The woman leading the session asked a doctor who’d never used Watson before to explain what each part of the interface did, and how it should behave. Then, as the session was winding down, she asked, “If Watson were a colleague, how would you describe it?” Questions that probe for underlying metaphors are common in design research. The thinking goes, the right metaphor can illuminate just how far along people think a product is–and, perhaps, what it should become. In describing IBM Watson to me, its inventors were at pains to call it something like a learned colleague, or a trusted advisor. That’s what the researchers would be hoping to hear–it would mean that the product was properly expressing its own power. But this doctor, when asked the question, wasn’t biting. “I’d say Watson is the recipe,” he said, explaining that the art of cooking lies in leaving the recipe behind.
“That was a little deflating,” Lillian Coryn, Watson’s senior design manager admitted afterwards. A doctor had demoted Watson from a smart second-opinion to a rote set of instructions. If the doctor saw Watson in such mundane terms, it was hard to imagine him becoming a devoted user. I’ve seen variations of this problem while reporting about AI: of systems to make parole recommendations, for example, that mostly told people what they thought they already knew, and thus didn’t seem obviously useful to humans even while outperforming them. Humans, it seems, need to be sold on the benefits–while the benefits themselves need to be tuned so that they’re just alluring enough to spur curiosity.

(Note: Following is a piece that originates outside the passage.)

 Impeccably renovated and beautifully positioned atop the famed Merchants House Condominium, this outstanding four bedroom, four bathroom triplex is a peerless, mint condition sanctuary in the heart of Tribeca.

As I thought about the doctor’s recipe metaphor, I started to wonder if the design might need to be tweaked to better show off what Watson could do that no doctor could. Perhaps the computer could be crafted to show off just how many thousands of studies it had assembled to reach its recommendations? The deeper problem seemed to be in crafting the computer in such a way that the human was naturally drawn to its expertise. Doing so isn’t just a matter of designing interfaces in ways that we already know. Rather, the greater challenge will be in designing machines that augment our own understanding without threatening it–while simultaneously showing off just how much a computer knows that we cannot.